The following excerpts are from a John Gray book called Venus on fire, Mars on ice. Like his previous book this one focuses on the differences between men and women and how understanding these can improve our relationships. This time, though, he explains where these differences come from and how hormones play a big role. So, why oxytocin is such a big deal for us women and also can it help unlock fertility?
Testosterone and oxytocin
These are two hormones that both men and women have but..! Testosterone is the one that helps men reduce stress while oxytocin does that for women. Testosterone is replenished in men when they solve problems, achieve goals and while they rest alone in their man cave. Oxytocin increases in women when they plan ahead, take care of others and themselves, communicate and express their feelings.
Traditionally, this worked well. Nowadays, not so much. John Gray explains why:
“There are more and more women in testosterone-stimulating jobs. Such women will be drawn to the cave, just as their men are. Testosterone-stimulating jobs inevitably deplete this hormone for women just as they would for men, and some form of cave time is required for replenishment.” … “After a very testosterone-oriented day, a woman needs more than to rebuild her testosterone levels, though. She also needs to boost her oxytocin levels. Testosterone- rebuilding may get her ready for the next day, but she will continue to be stressed until she’s made sufficient oxytocin.“
Stress, oxytocin and fertility
“Unreleased stress not only prevents her from getting in touch with her positive feelings, it interferes with her health as well. I have repeatedly observed women having fertility issues because they aren’t effectively coping with the stress of their testosterone- stimulating jobs. These women often cope with the stress of work by being alone for a time or through solitary exercise, but these won’t help her transition back to her female side. She needs oxytocin.
Many women have restored their fertility by increasing their access to oxytocin-stimulating behaviours, therapies, and foods.”
Yoga and oxytocin
Yoga is by its nature an oxytocin-generating practice. It asks you to slow down, to turn inward, to breathe with intention and to be present in your body. These are precisely the conditions under which oxytocin rises. The physical touch of hands on a mat, the rhythm of a shared breathing practice, the sense of being held and supported in a restorative pose – all of it speaks directly to the female nervous system in a way that achievement-oriented exercise simply does not.
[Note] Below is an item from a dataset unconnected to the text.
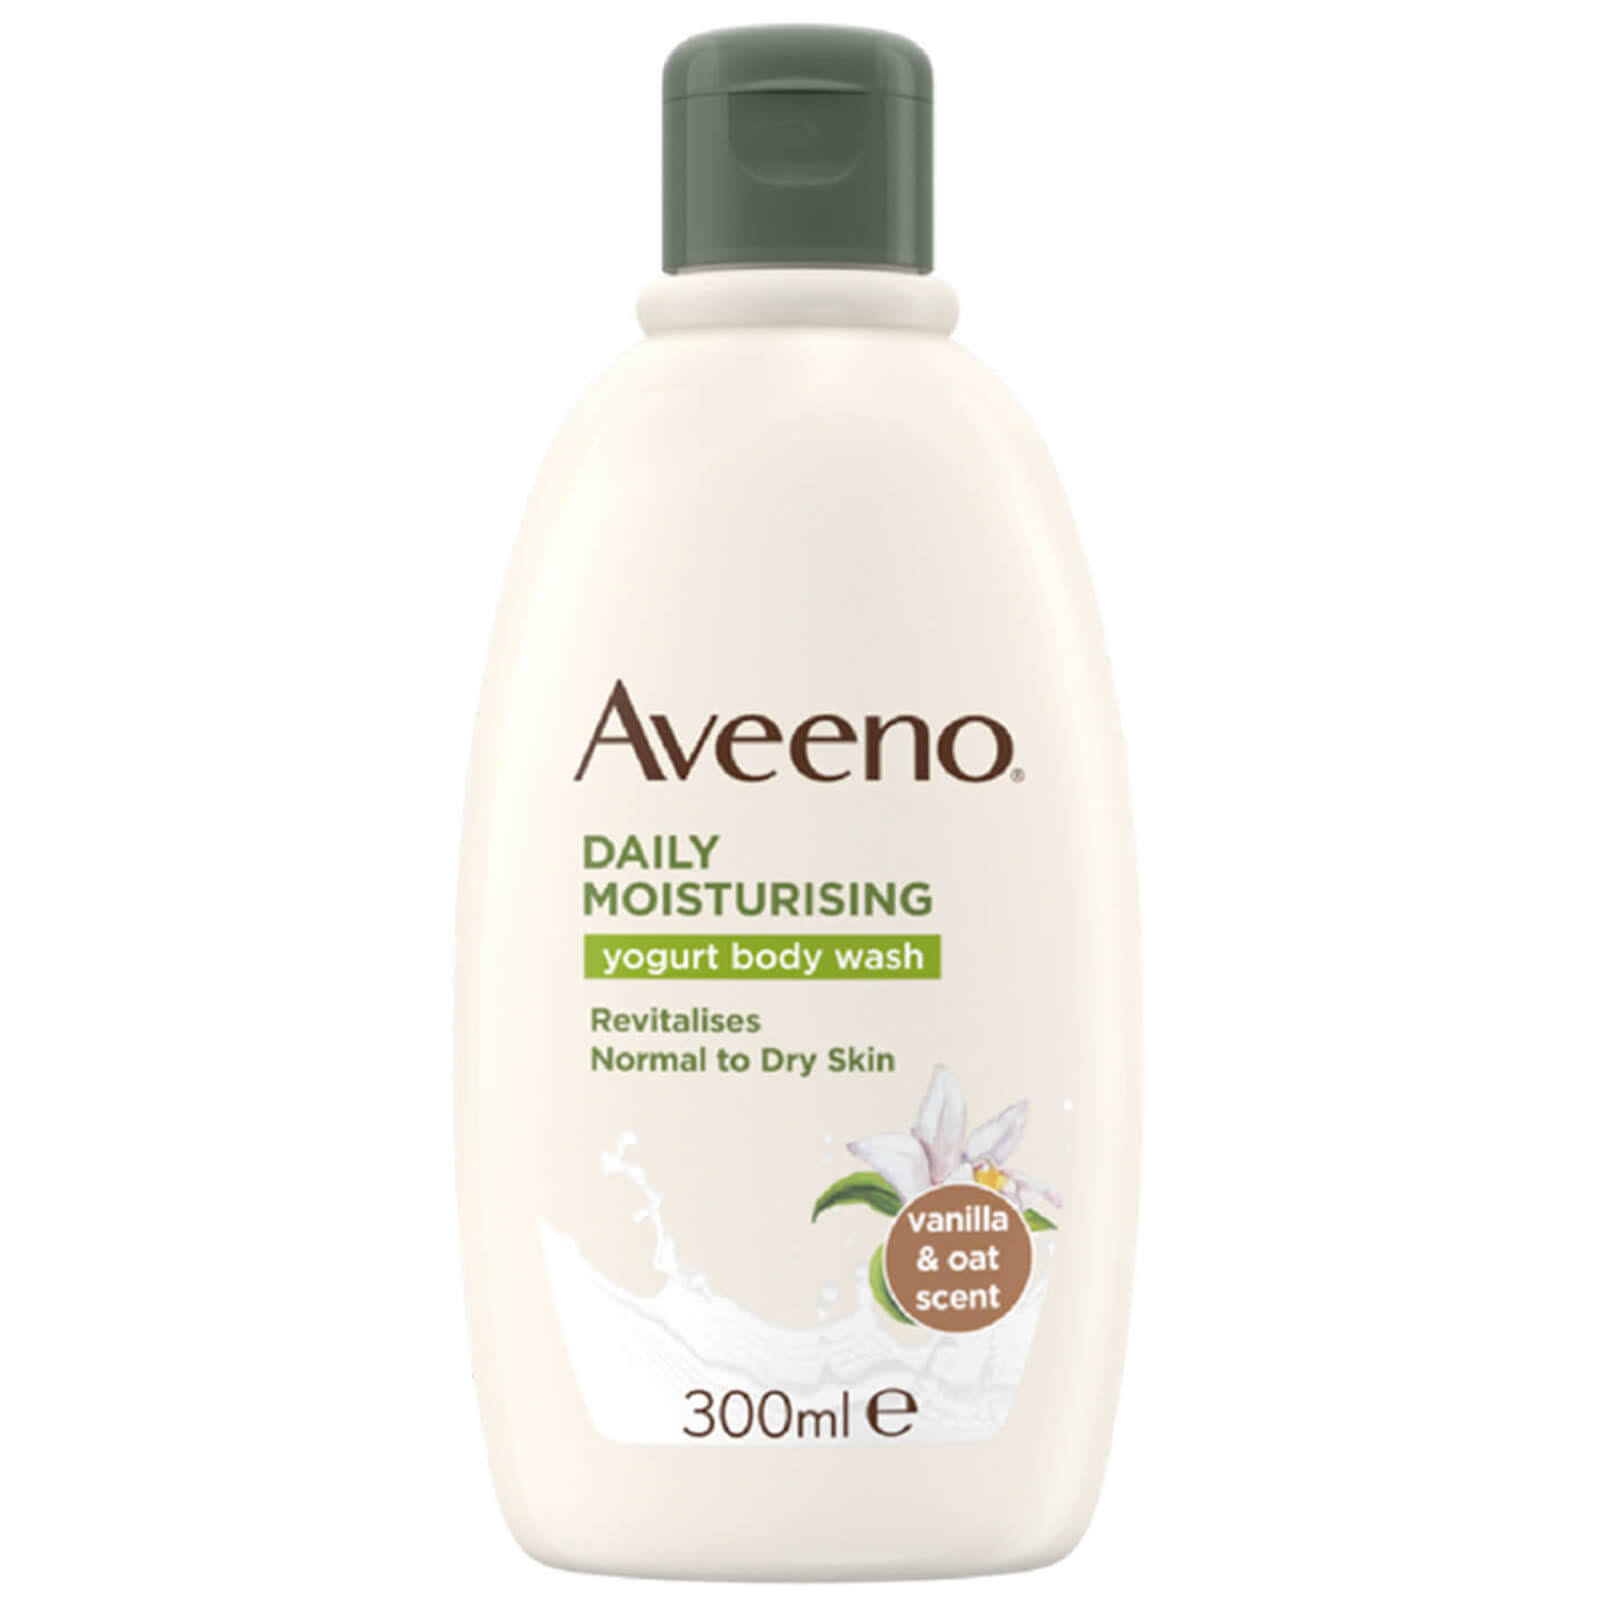 Aveeno Daily Moisturising Yogurt Body Wash - Vanilla and Oat, 300ml
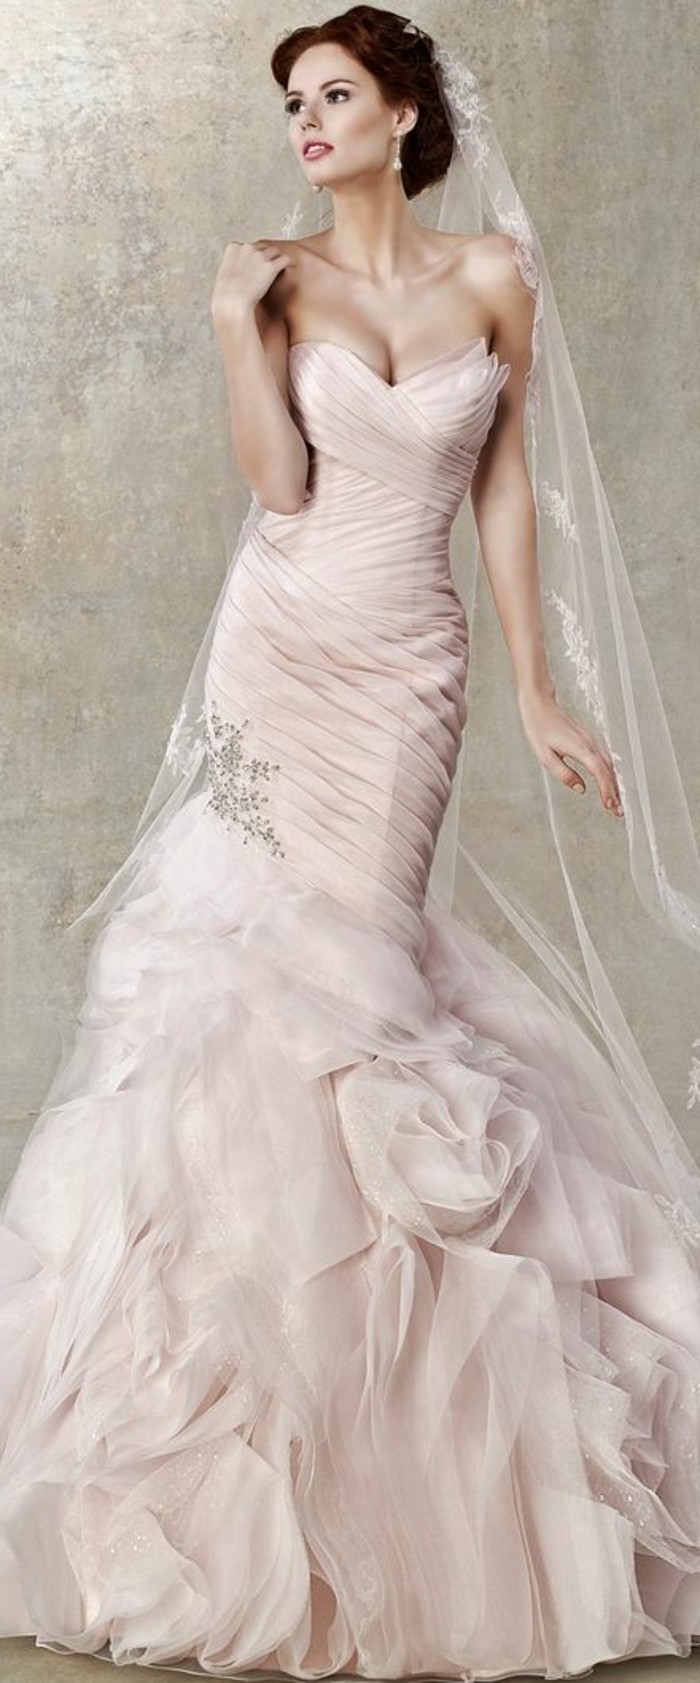 Vjenčana haljina u ružičastom i dugom velu

We know this in our bodies and the research, although still growing, suggests that yoga can measurably increase oxytocin levels.
There is also something worth naming about the particular quality of attention yoga brings. It is not passive rest – which, as John Gray points out, rebuilds testosterone but does little for oxytocin. And it is not the kind of driven, goal-oriented exercise that can inadvertently keep a woman locked in her testosterone state. Yoga occupies a different register entirely. It is nurturing and receptive. It is, in the truest sense, restorative. And for women whose days are spent in high-output, high-demand environments, that distinction matters enormously.
The hard part is that for many of us women, the very thought of taking time for ourselves feels overwhelming. It can register either as another item on an already impossible list. Or as a soft optional that can be quietly dropped when something more urgent appears – which is always.
Taking care of ourselves is not what we do after everything else is handled. It is what makes everything else possible. Like putting on your own oxygen mask before helping others – the instruction exists because you cannot give what you do not have.